Suppose:
A monkey randomly writes down a series of +1 and -1.
The series contains $n$ elements. For example, if $n=2$, then the series can either be $\left \{ 1, 1 \right \}$ or $\left \{ -1, 1 \right \}$ or $\left \{ 1, -1 \right \}$ or $\left \{ -1, -1 \right \}$.
A human then sums up the elements contain in the series. For example, for $n=2$, the sum could either be 2 or 0 or -2.
Notice that there 2 series combination that results to a sum of 0. $\left \{ -1, 1 \right \}$ and $\left \{ 1, -1 \right \}$
I wish to find a formula that determines: for a given n, how many series combination that results to a sum of $x$?
To explain, here are some examples:
If $n=2$ and $x=0$, then there are only 2 combinations (above example)
If $n=4$ and $x=-2$, then there are only 4 combinations
If $n=4$ and$x=4$, then there are only 1 combination
Non-critical notes:
This question was asked to me by my sister and I have spent a long time trying to figure it out, but obviously I need help. Coming from engineering background, I have never touch combinatorics and counting since pretty much high school. I think the question is interesting because the set contains -1, which "cancels" out the +1, so traditional methods such as "stars & bars" does not work.

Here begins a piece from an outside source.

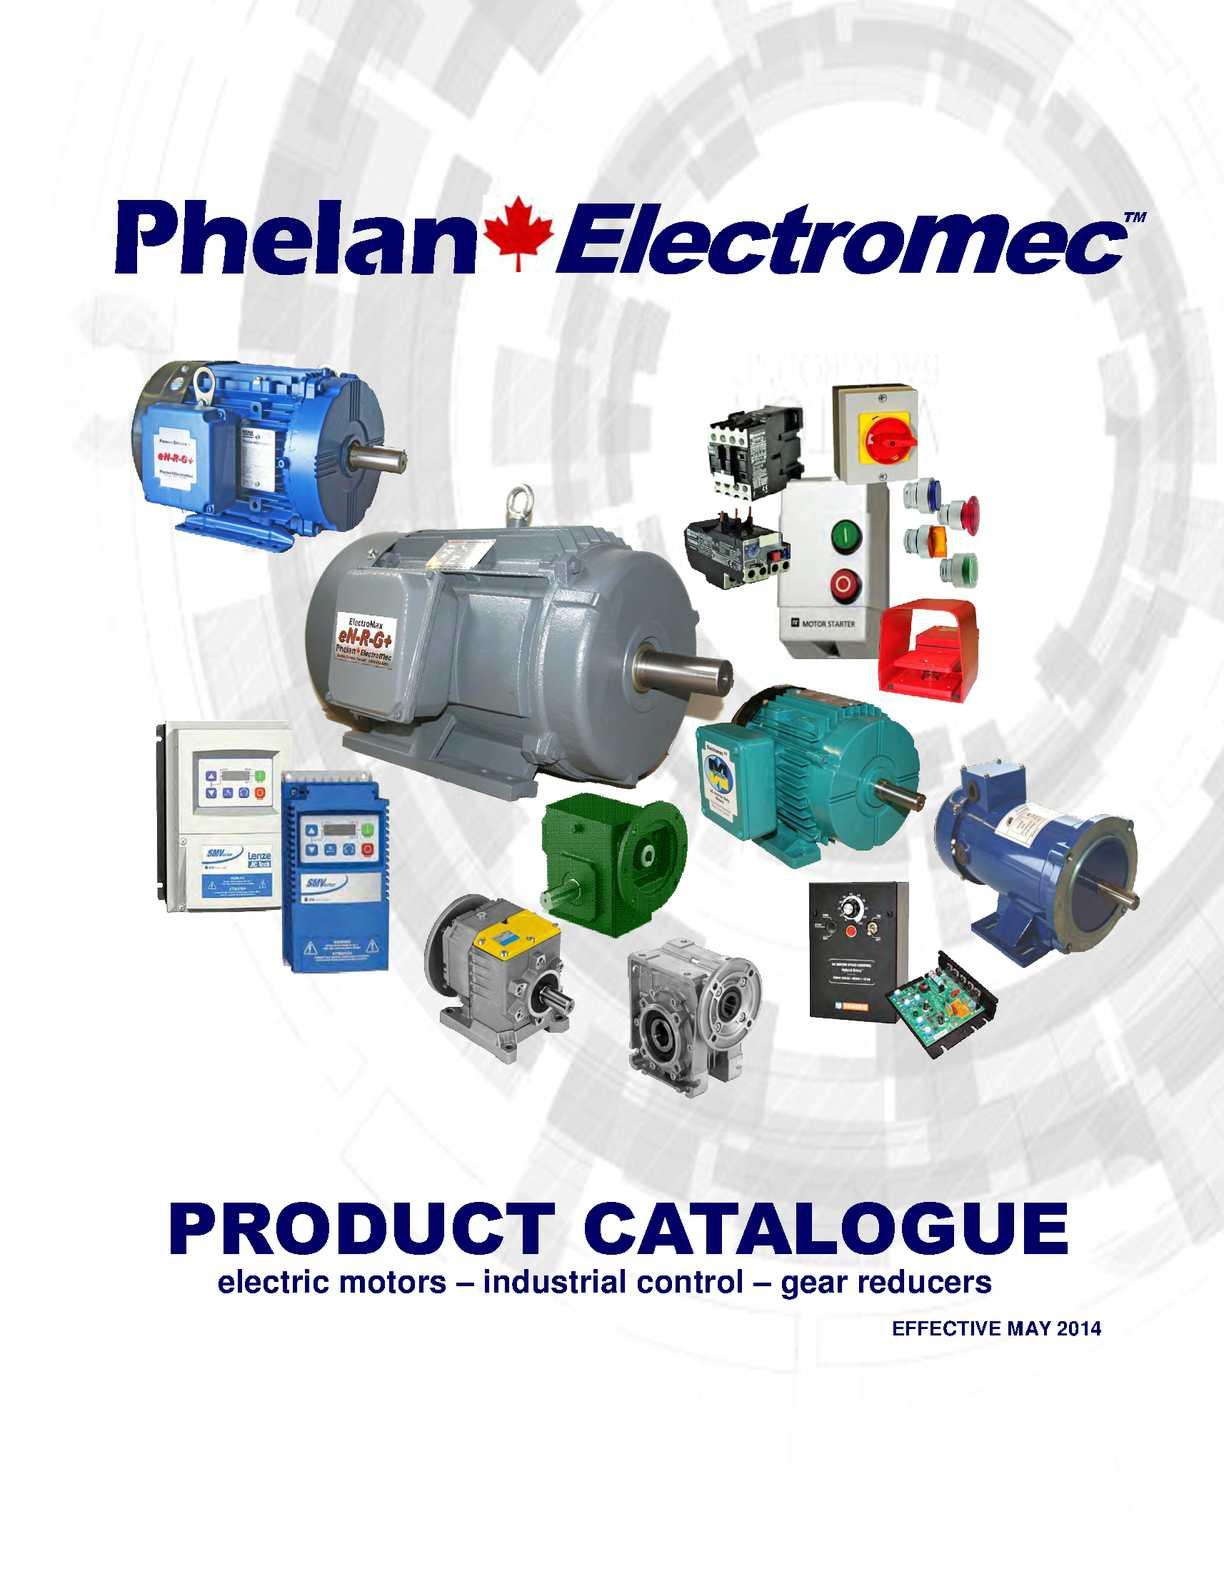 Calamo Phelan Electromec Product Catalogue Bodine Electric Motor Brushes Replacement Repalcement Parts
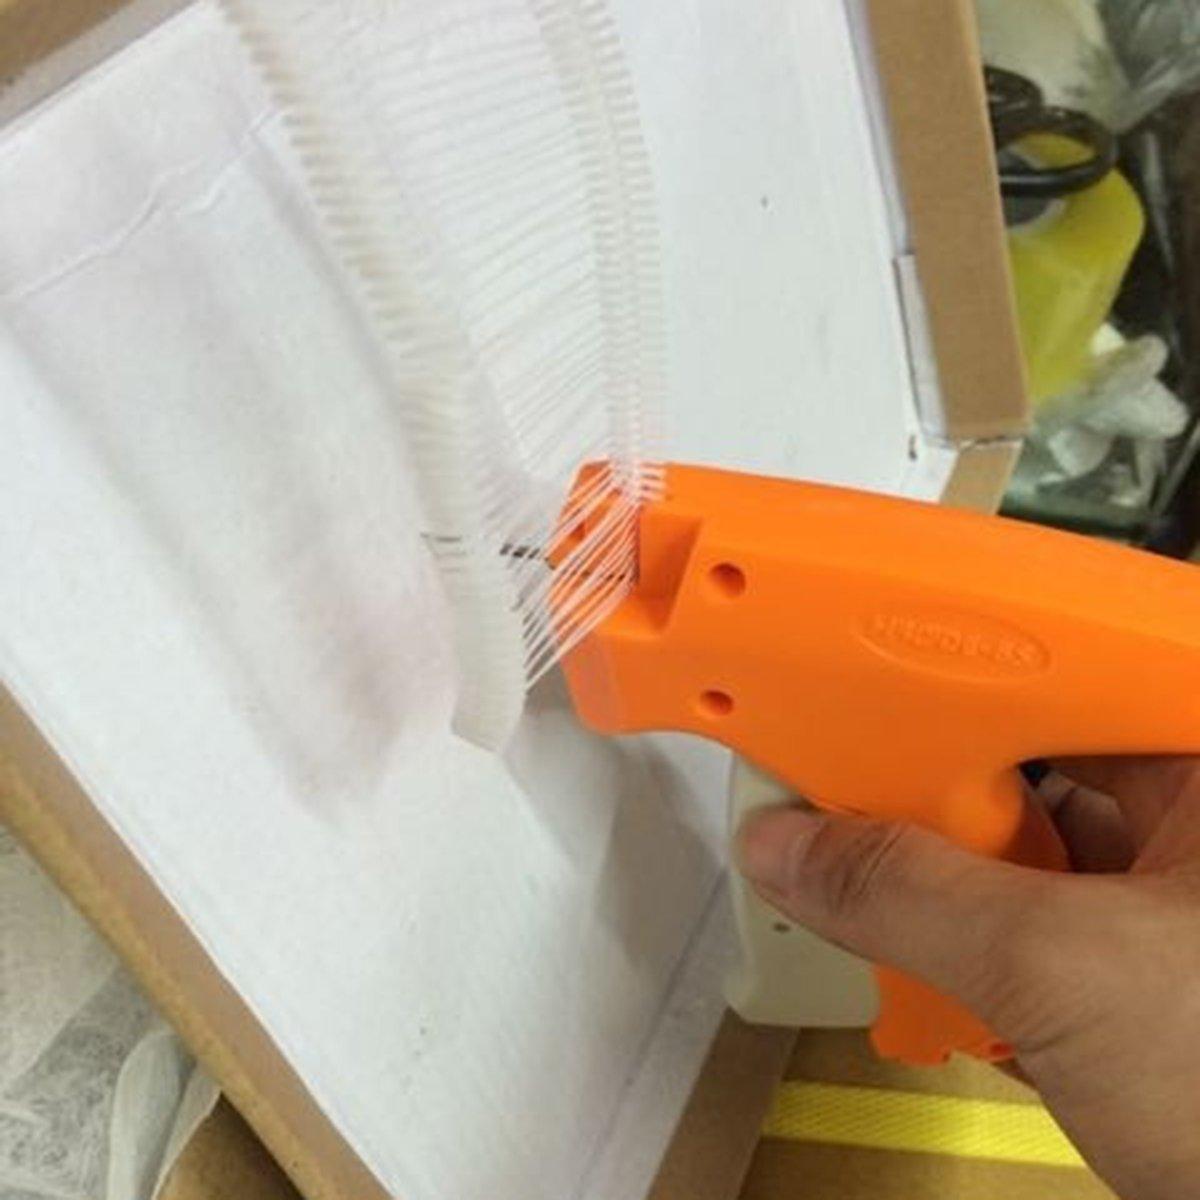 Latinaric 1000pcs Heftf/äden F/äden f/ür Fein Pistole

For simplicity, $n$ is always even number. Additionally, because +1 and -1 are odd numbers, hence $x$ is also always an even number.
For the case $n=2$, it is like drawing a 2 x 2 table where the row and column headers are 1 and -1, while the each entries are the sum of the respective row and col header. In this table, the entries are the same value in each top-left-to-buttom-right diagonals. For the case $n=3$, it is like drawing a 2 x 2 x 2 cube where the headers are 1 and -1, and again, similarly, in 1 of the diagonal direction, each entries have the same value in that diagonal. So this problem boils down to how many entry cells that a particular diagonal crosses.